Is this possible? Thanks

EDIT

Essentially, I'm trying to emulate the following shader from glsl:

#version 450

layout(triangles) in;
layout(triangle_strip, max_vertices = 3) out;

layout(location = 0) in vec3 in_position[];
layout(location = 1) in vec3 in_normal[];
layout(location = 2) in vec2 in_uv[];

layout(location = 0) out vec3 out_position;
layout(location = 1) out vec3 out_normal;
layout(location = 2) out vec2 out_uv;

void main()
{
    vec3 p = abs(cross(in_position[1] - in_position[0], in_position[2] - in_position[0]));

    for (uint i = 0; i < 3; ++i)
    {
        out_position = in_position[i];
        out_normal = in_normal[i];
        out_uv = in_uv[i];

        if (p.z > p.x && p.z > p.y)
        {
            gl_Position = vec4(out_position.x, out_position.y, 0, 1);
        }
        else if (p.x > p.y && p.x > p.z)
        {
            gl_Position = vec4(out_position.y, out_position.z, 0, 1);
        }
        else
        {
            gl_Position = vec4(out_position.x, out_position.z, 0, 1);
        }

        EmitVertex();
    }

    EndPrimitive();
}

For each triangle, I need to output a triangle with vertices at these new positions instead. The triangle vertices come from a vertex buffer and is drawn using an index buffer. I also plan on adding code that will do conservative rasterization (just increase the size of the triangle by a little bit) but it's not shown here. Currently what I'm doing in the Metal compute shader is using the index buffer to get the vertex, do the same code in the geometry shader above, and outputting the new vertex in another buffer which I then use to draw.

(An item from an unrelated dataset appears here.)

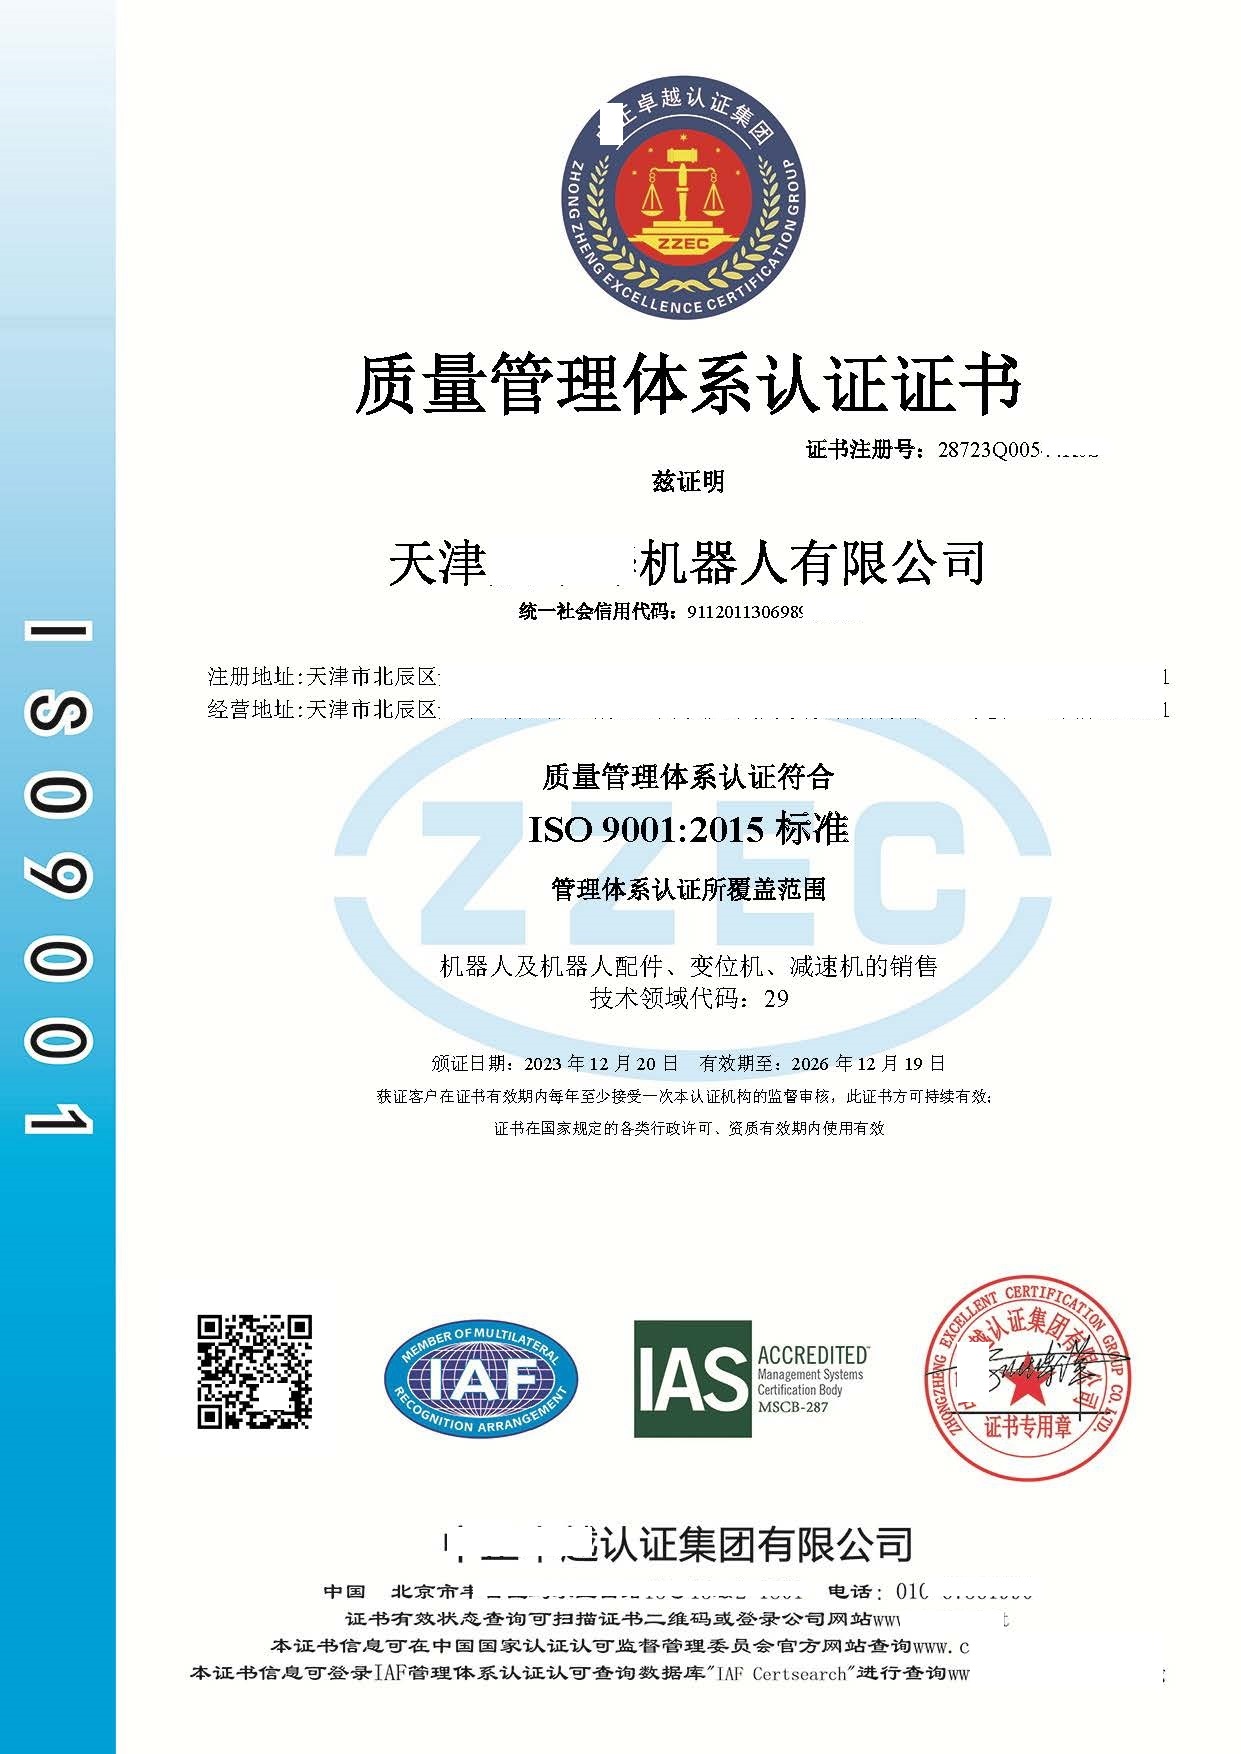 恭喜  天津******有限公司  获得ISO9001质量管理体系认证证书
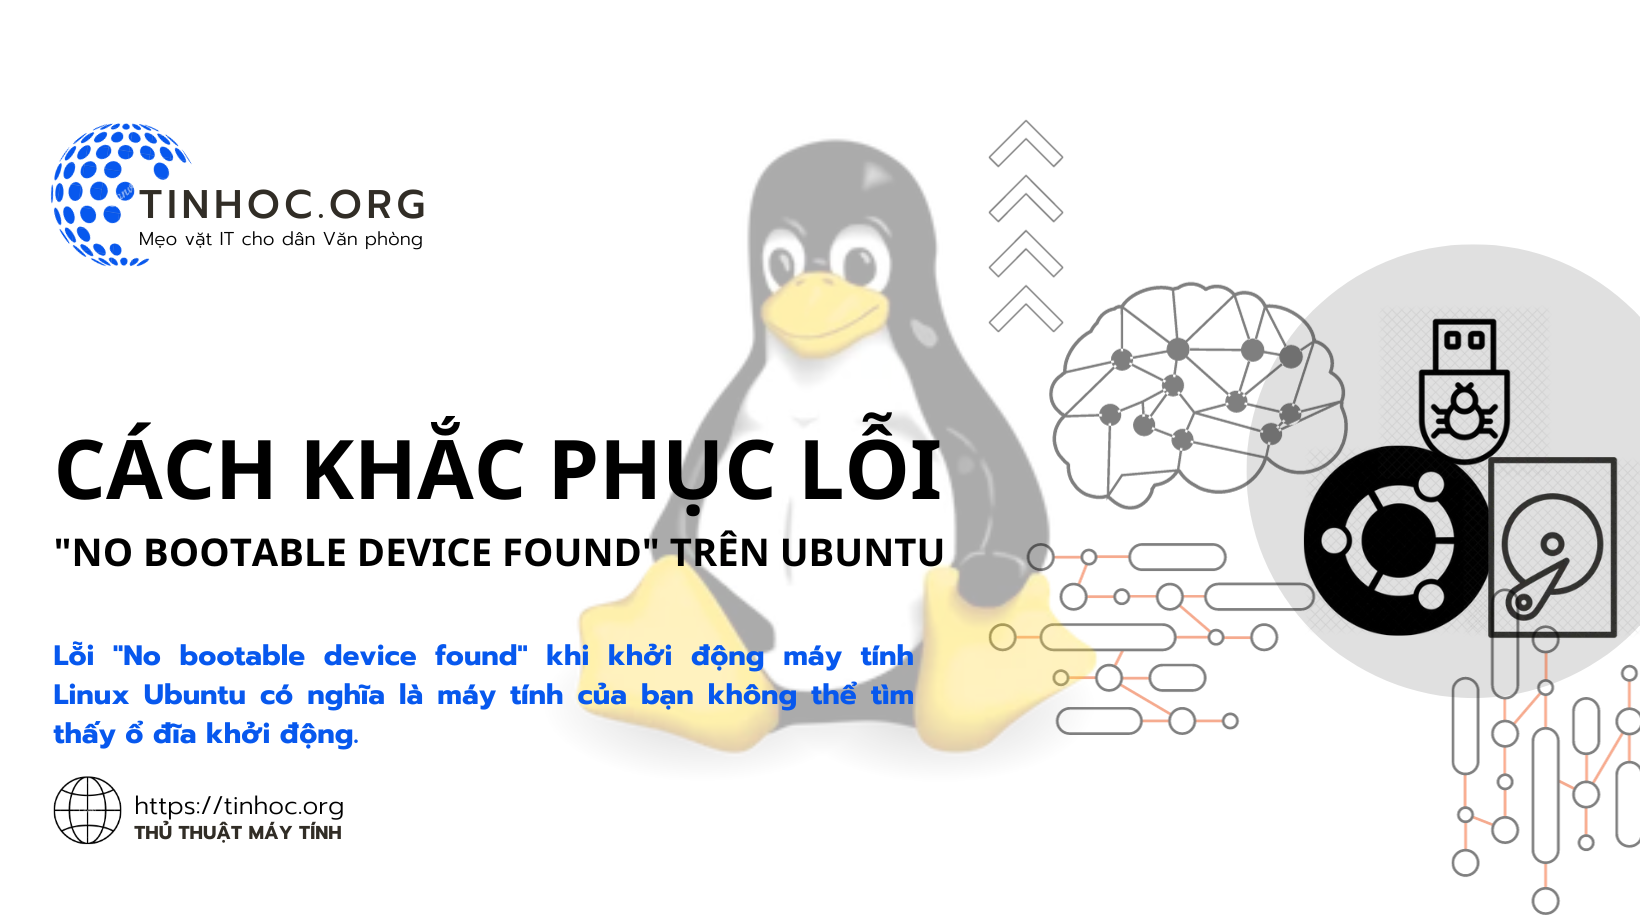 Lỗi "No bootable device found" khi khởi động máy tính Linux Ubuntu có nghĩa là máy tính của bạn không thể tìm thấy ổ đĩa khởi động.

Even if there were such a feature built into Metal, it would probably just use a buffer internally. If you create your output buffer with private storage mode, it will live entirely on the GPU and never be transferred. It will probably be pretty close in terms of resource usage to what Metal would do internally. — Ken Thomases, May 27 '18 at 23:32
I see. It's just that indexed drawing is also pretty much pointless using this technique because I would end up duplicating vertices anyways. Is there a better way of doing this when using indices? — theonewhoknocks, May 28 '18 at 00:40
It depends on what your geometry shader is doing. Can you share anything about it? Code would be great, but also other stuff like: is the number of output primitives easily calculated from the number of input primitives? Do you have to handle more than one type of input primitive type, like triangle list vs. triangle strip? — Ken Thomases, May 28 '18 at 01:35

Ken Thomases · Accepted Answer · 2018-05-28T04:20:57.170

Here's a very speculative possibility depending on exactly what your geometry shader needs to do.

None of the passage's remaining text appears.